5.4 RDF Schema Alternatives

RDF isn't the only specification related to describing schemas. XML documents (and their SGML predecessors) have long been validated through the use of Document Type Declarations (DTDs), described in the first release of the XML specification and still in heavy use. DTDs generally define how elements relate to one another within a schema; for example, they allow applications to check whether a specific element is required or one or more elements can be contained within another.

While useful for validating how elements within a schema relate to one another, DTDs have long had their critics. First of all, DTDs are based on a syntax totally unrelated to XML. This forces a person to become familiar with not one but two syntaxes in order to create a valid as well as well-formed XML document. The following DTD fragment defines an Items element, its child item, and the contents of item:

<!ELEMENT Items (item*)>
<!ELEMENT item (productName, quantity, USPrice, comment?, shipDate?)>
<!ATTLIST item 
<!ELEMENT productName (#PCDATA)>
<!ELEMENT quantity (#PCDATA)>
<!ELEMENT comment (#PCDATA)>
<!ELEMENT shipDate (#PCDATA)>

As you can see, the DTD syntax is fairly intuitive; however, syntactic elegance or not, DTDs do not provide the same type of functionality as the RDF specification. XML DTDs define how elements within a vocabulary relate to one another, not how they relate to the world at large, and the description of their contents is pretty vague. #PCDATA and its attribute cousin, CDATA, just mean "text." RDF provides a means of recording data within a global context, not just how elements in one specific vocabulary relate to one another.

Another mechanism to record schemas is defined by the W3C XML Schema 1.0 Specification. This specification is more closely related to the functionality used to define a relational table or to describe an object in object-oriented development. Schemas are used to define elements in relation to one another, as with the DTD syntax; it goes beyond DTDs, though, by providing a means of recording data types about the elements and attributes?a functionality long needed with XML vocabularies, as shown in the following fragment based on the specification:

<xsd:element name="Items">
 <xsd:complexType name="Items">
   <xsd:element name="item" minOccurs="0" maxOccurs="unbounded">
      <xsd:element name="productName" type="xsd:string"/>
      <xsd:element name="quantity">
        <xsd:restriction base="xsd:positiveInteger">
         <xsd:maxExclusive value="100"/>
      <xsd:element name="USPrice"  type="xsd:decimal"/>
      <xsd:element ref="comment"   minOccurs="0"/>
      <xsd:element name="shipDate" type="xsd:date" minOccurs="0"/>
     <xsd:attribute name="partNum" type="SKU" use="required"/>

As you can see, W3C XML Schema is an effective specification for defining XML elements, their relationships, and much more information about associated data types than DTDs provide.
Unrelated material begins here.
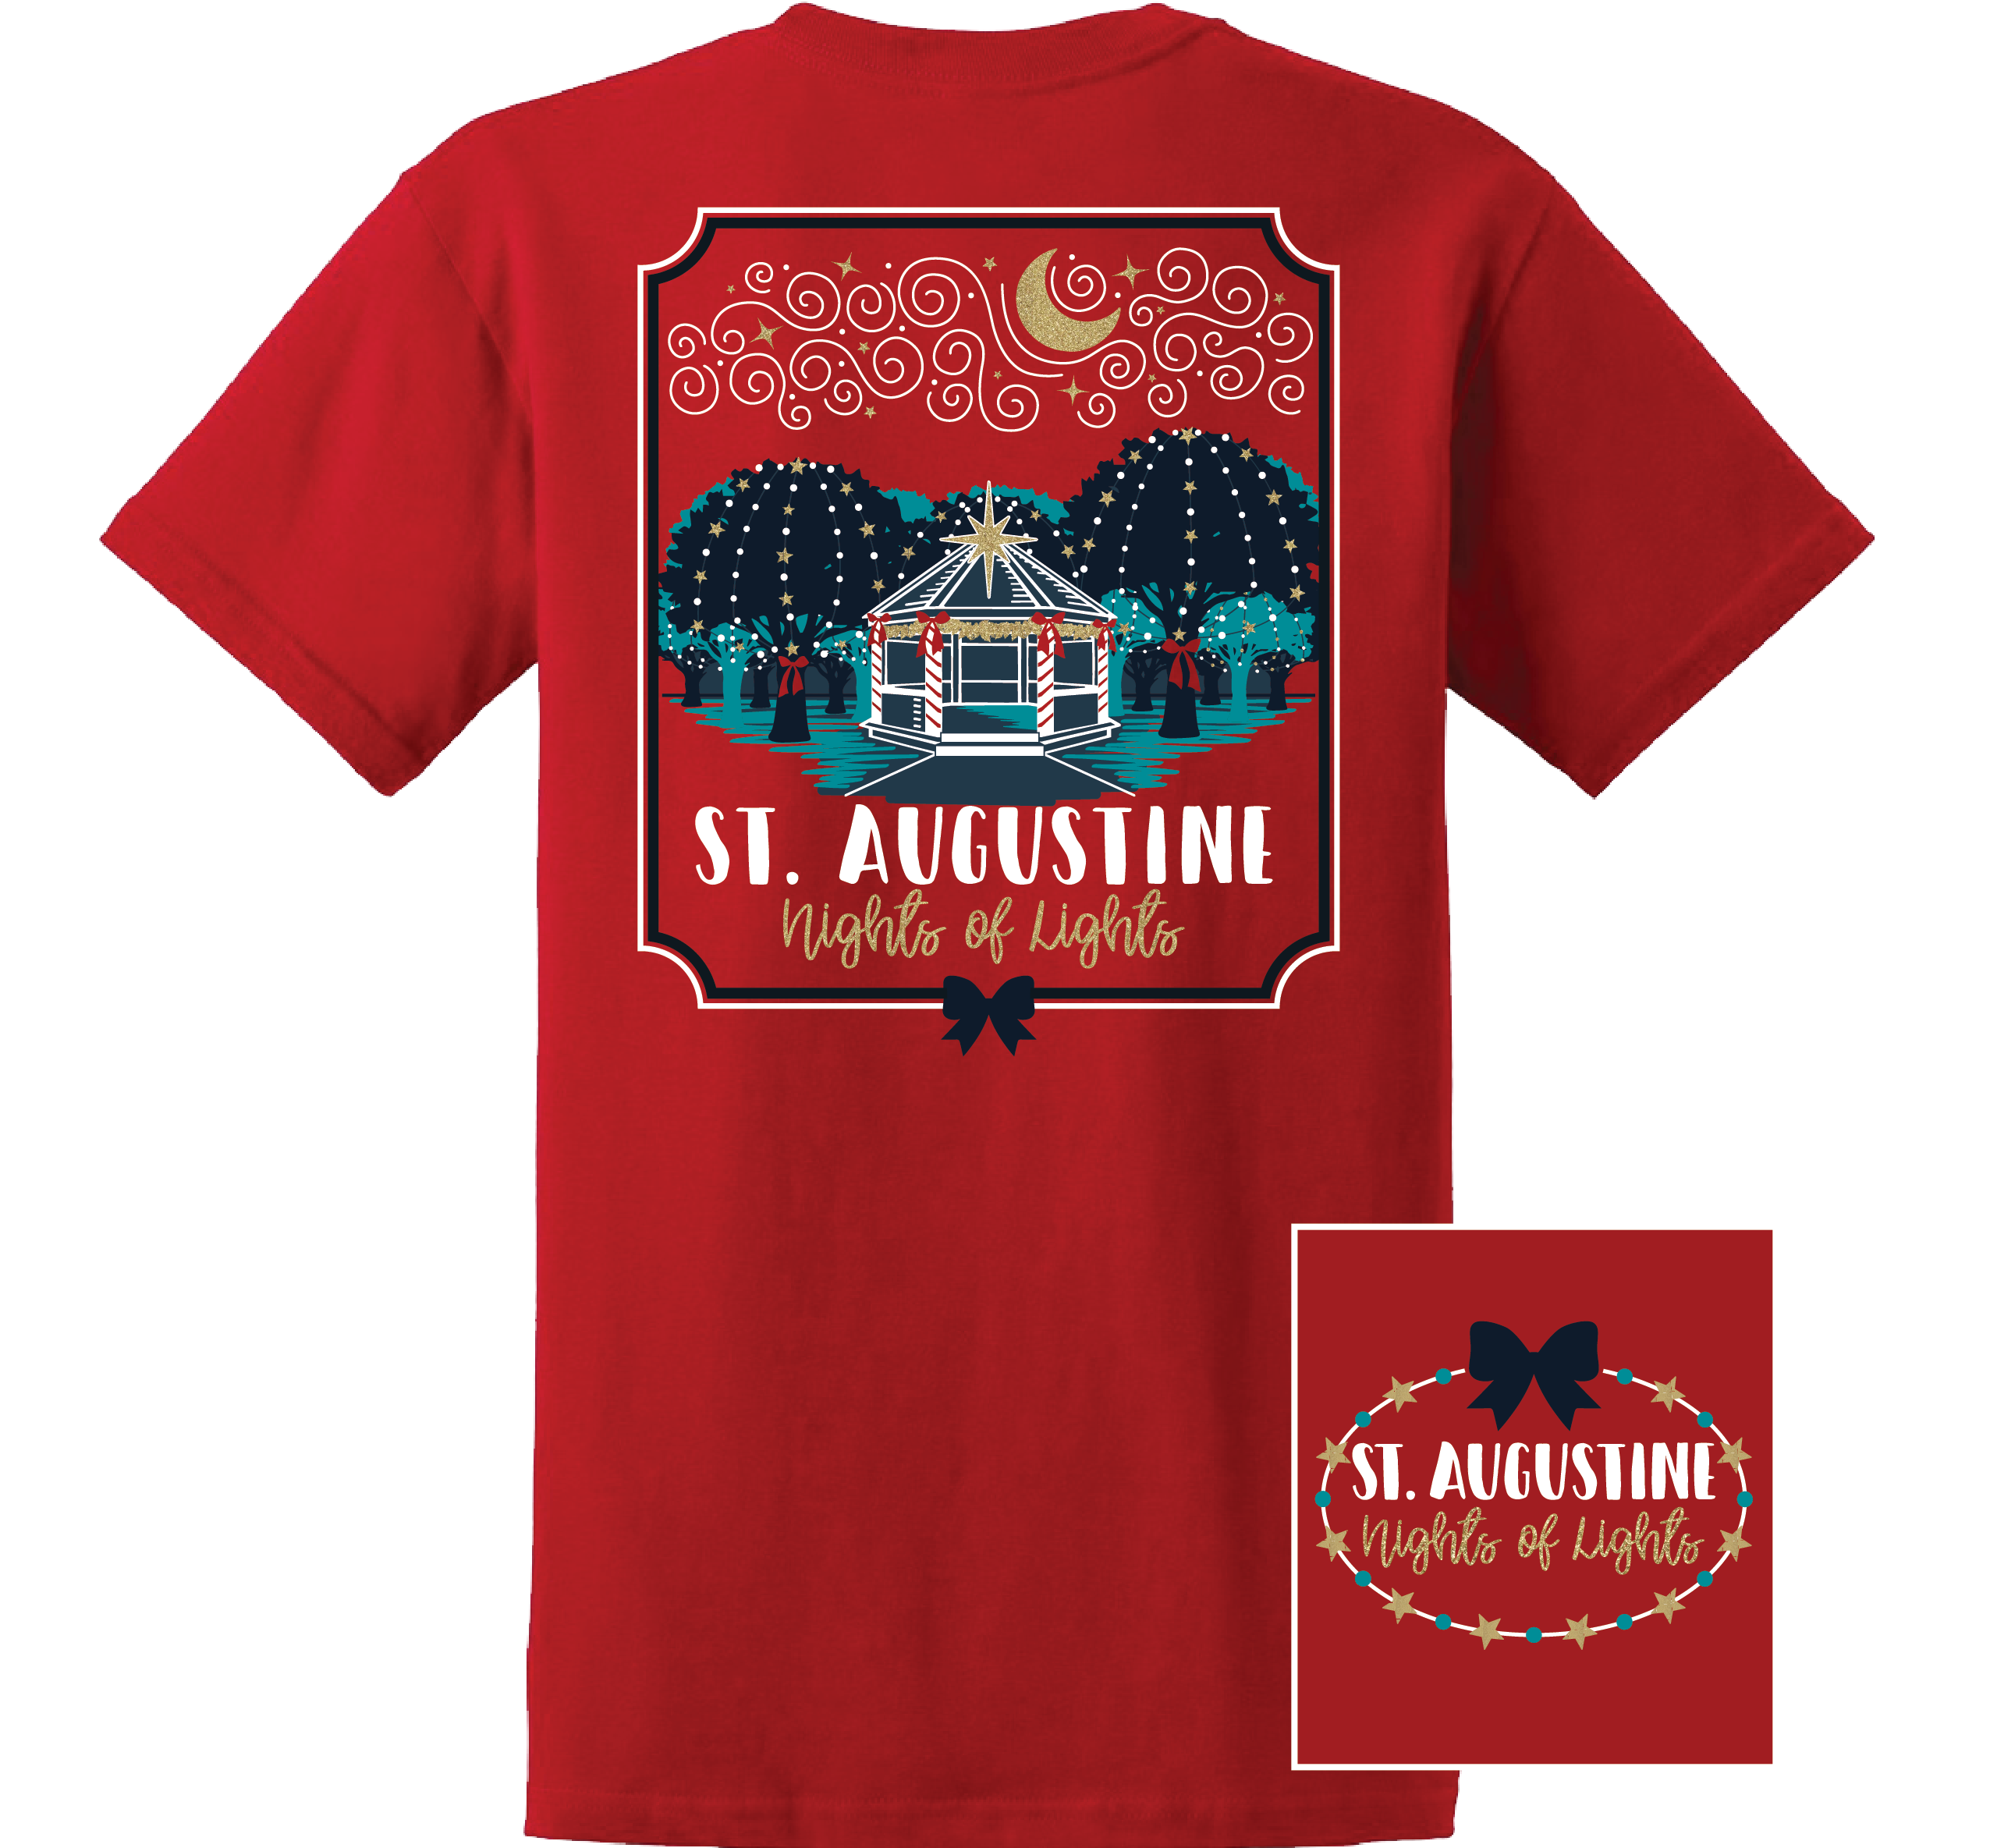 St Augustine Nights Of Lights Short Sleeve Tee Shirt - Red - Artsy Abode

A third approach, RELAX NG Compact Syntax, offers a combination of DTD readability and W3C XML Schema data typing, though it also has a mathematical foundation that in some ways has more in common with RDF than with DTDs or W3C XML Schema. The same example in RELAX NG Compact Syntax looks like:

Items = element Items { item* }
item =
  element item {
    att.partNum, productName, quantity, USPrice, comment?, shipDate?
att.partNum = attribute partNum { text }
productName = element productName { text }
quantity = element quantity { xsd:positiveInteger {maxExclusive="100"}}
USPrice = element USPrice { xsd:decimal }
comment = element comment { text }
shipDate = element shipDate { xsd:date }

start = Items

All of these schema approaches facilitate automated processing of XML. Still, the various XML Schema tools can't replace the functionality provided by the RDF specification. To overgeneralize, XML tools are concerned with describing markup representations and their contents, while RDF tools are concerned with describing models. You can get a model from a representation or vice versa, but the two approaches focus on different things.
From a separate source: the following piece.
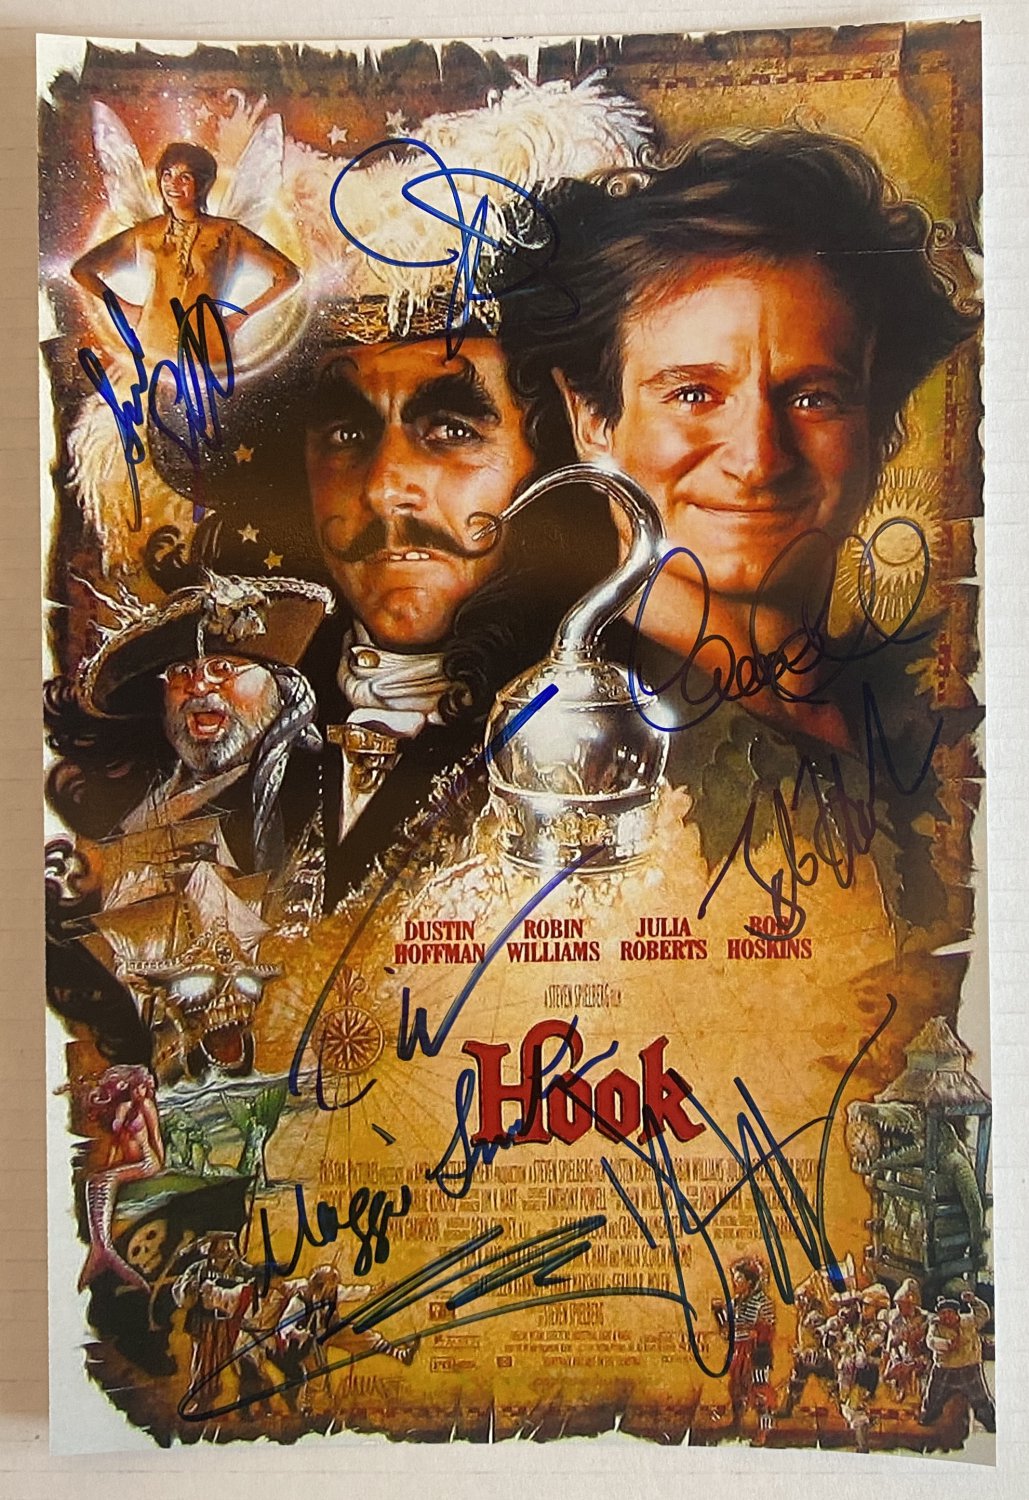 HOOK cast signed autographed 8x12 photo Robin Williams Dustin Hoffman photograph

The RDF specification defines information about data within a particular context. It provides a means of recording information at a metadata level that can be used regardless of the domain. RDF's relationship with XML is that XML is used to serialize an RDF model; RDF is totally unconcerned whether XML is valid (that is, conforming to a DTD, RELAX NG description, or W3C XML Schema) as long as the XML used to serialize an RDF model is well formed. In addition, concepts such as data types and complex and simple element structures?focal points within the W3C XML Schema?again focus on XML as used to define data, primarily for data interchange; they have nothing to do with recording data about data in order to facilitate intelligent web functionality.